Responding to the pandemic and related repercussions has become a key priority for humanitarian actors, and humanitarian information hubs are now posting regular updates related to the pandemic response. The United Nations has launched a Global Humanitarian Response Plan for COVID-19, and SPHERE and its partners have developed a manual with guidance on how to apply humanitarian standards to the COVID-19 response. Reliefweb has established a page devoted to the COVID-19 pandemic, including an interactive map showcasing the pandemic in locations with a humanitarian response, appeals and response plans, manuals and guidelines, maps and infographics, reports by humanitarian actors and more. The Humanitarian Data Exchange (HDX) provides global COVID-19 epidemiological data.

While all areas of humanitarian operations may be critically affected by the pandemic and related mitigation efforts, four thematic areas have emerged in humanitarian circles as the most discussed so far: 1) Health infrastructure and health information; 2) Exacerbation of existing vulnerabilities; 3) Refugees and other migrants; and 4) Access and delivery of humanitarian aid.

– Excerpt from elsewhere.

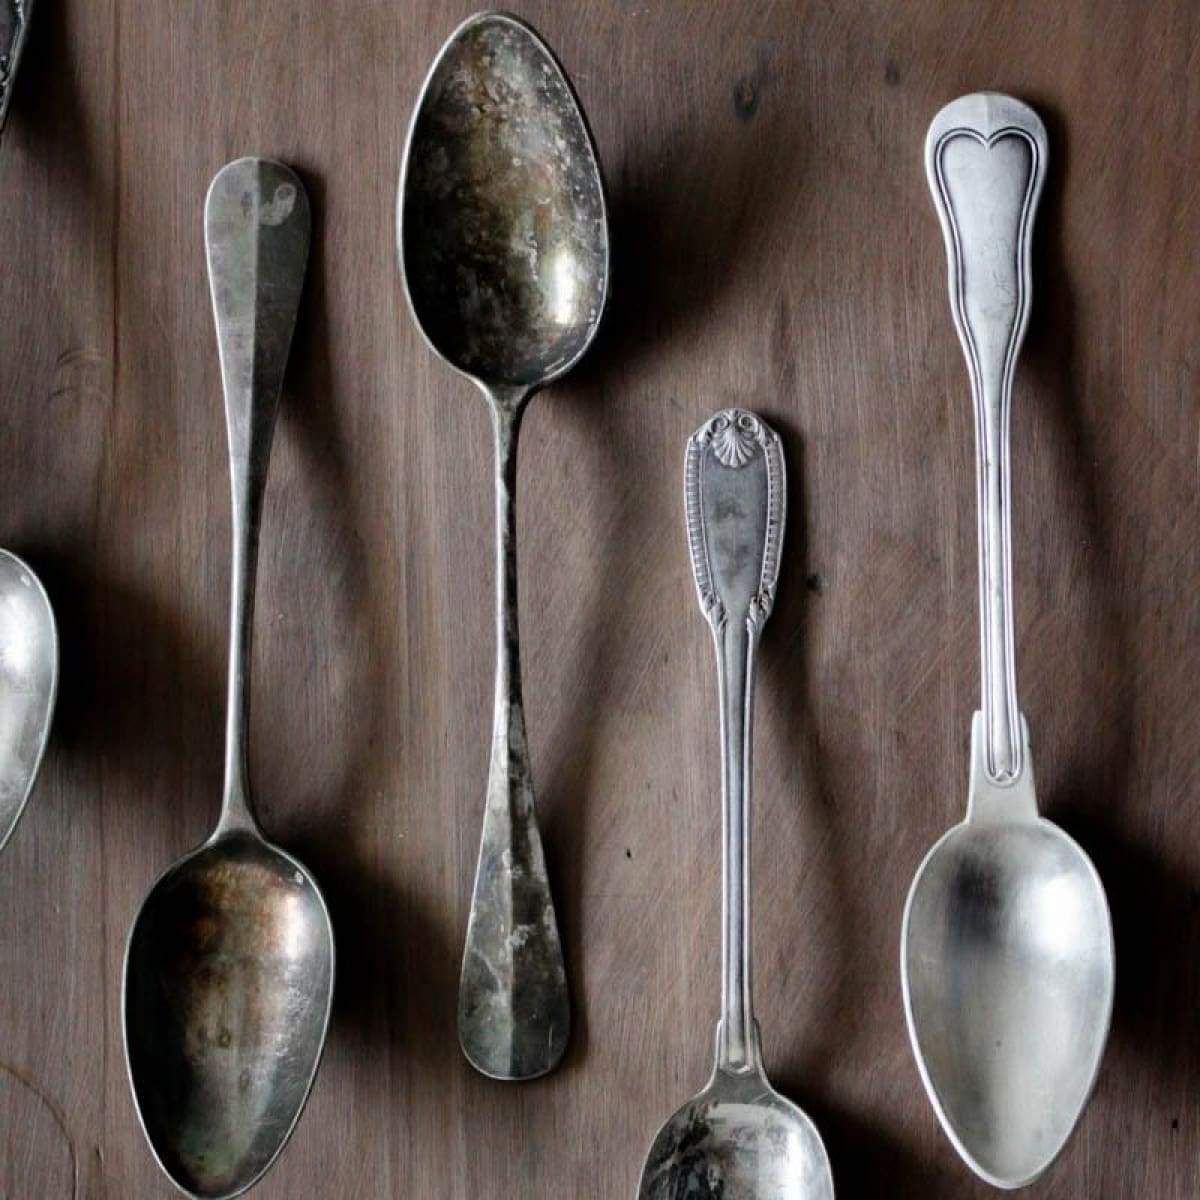 elsie green LARGE FRENCH SERVING SPOON

Health infrastructure and health information

As the disease has brought some of the world’s most advanced and well resources health systems to their knees, many humanitarian practitioners have expressed concern for what will occur when the virus reaches countries with less developed health infrastructure. UN Secretary General Antonio Guterres has warned that developed countries must assist those less developed, or potentially “face the nightmare of the disease spreading like wildfire in the global South with millions of deaths and the prospect of the disease re-emerging where it was previously suppressed”. Coordinated global action is also the key message of the recently published UN report Shared responsibility, global solidarity: responding to the socio-economic impacts of COVID-19.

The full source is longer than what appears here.